A history of Montclair’s exploration of shared fire service (Letter to the editor)
I read with interest on Facebook more than 160 pro and con suggestions, referencing the Montclair-Glen Ridge fire contract. There were a lot of intelligent responses. Allow me to bring you back to Sept. 8, 2012 with a history of my proposal to conduct The Essex County District 5 Consolidation Fire Departments Feasibility Study.
In September of 1999, then-Township Manager Terrance Reidy had enrolled me in the State of New Jersey Certified Public Managers Program. On Feb. 17, 2000, in recognition of successfully completion of levels I, II and III, I received a certificate in supervisory management, signed by then-Gov. Cristine Todd Whitman. As part of this program, I had to define a problem situation that existed in government. I selected as my thesis consolidation of fire departments in Essex County.

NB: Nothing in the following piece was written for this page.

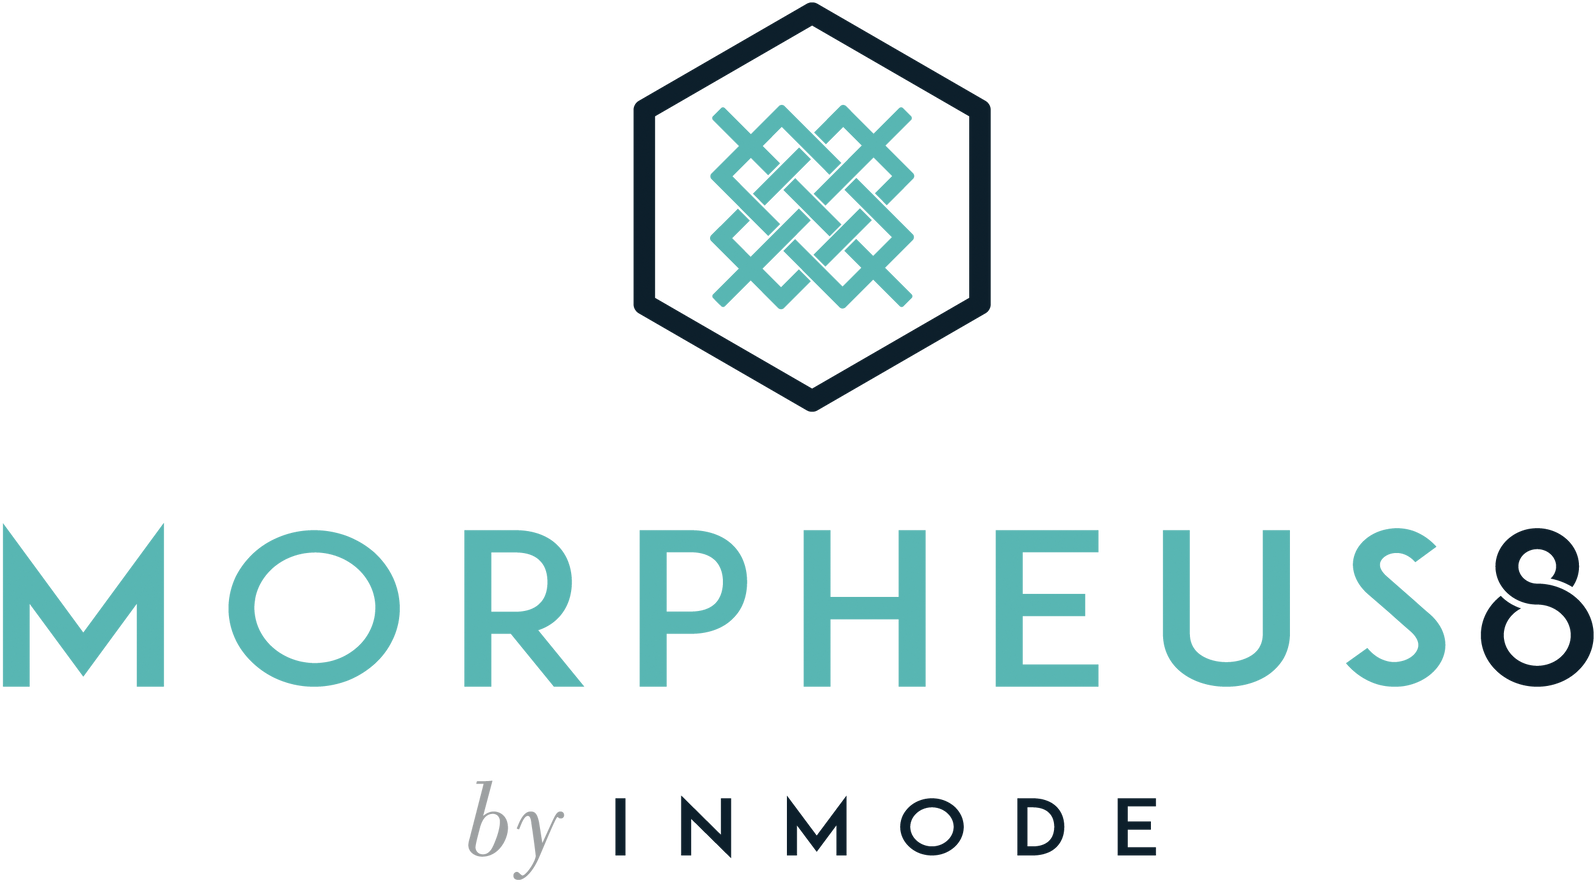 Morpheus8 Logo

I was able to obtain letters of intent to participate in this program from all 22 municipalities as well as Montclair State University. In addition, I was able to solicit a partnership with Craig Dufford, then the fire chief and Essex County Fire Chiefs Association president; Charles Lovallo, executive dean of continuing education for Essex County College; and Shelia Y. Oliver, then the assistant county administrator, to move forward under the Regional Efficiency Development incentive program.
With this accomplished, I approached the Fifth District freeholder, Brendan Gill, and convinced him to use his district — including Montclair, Glen Ridge, Bloomfield, Belleville and Nutley — as a starting model, to convene a meeting with municipal government officials including mayors, business administrators, fire chiefs and their respective union representatives. The meeting was held in the Newark Essex County offices, where I attempted to convince officials, that in the best interest of economy and efficiency, shared services were plausible.
I demonstrated a projection of monetary benefits to participating communities without sacrificing the safety of citizens and the delivery of services already provided. It is not my intention to disparage these government officials, but needless to say, my proposal was voted down and I did not get the support needed to keep this project alive. It is my opinion that my plan was rejected due largely to politics and a strong lobby by the West Essex volunteer fire departments.
In the ensuing years, it has become evident in the wake of ever-increasing financial pressure, due to taxes and shrinking municipal aid that time has come for municipalities to explore various ways to streamline municipal government and effective cost savings. We must explore state, federal aid programs to help local officials consider the benefits of shared services incentives by developing and implementing new programs.
The reason I bring this up is because of the interest generated on Facebook pertaining to the Montclair-Glen Ridge fire contract. I would like to assure Montclair’s firefighters this proposal was in the best interest of firefighters, giving them the support they need to get them though this controversy and ultimately benefit their profession. In reference to the Montclair-Glen Ridge contract, I cannot give an intelligent opinion without the current facts and figures, to which I am not privy, for instance, salaries, fire apparatus, equipment, the table of organizations, overtime, contract verbiage and so forth. As such, I cannot render a professional opinion and remain neutral to the Montclair-Glen Ridge fire contact.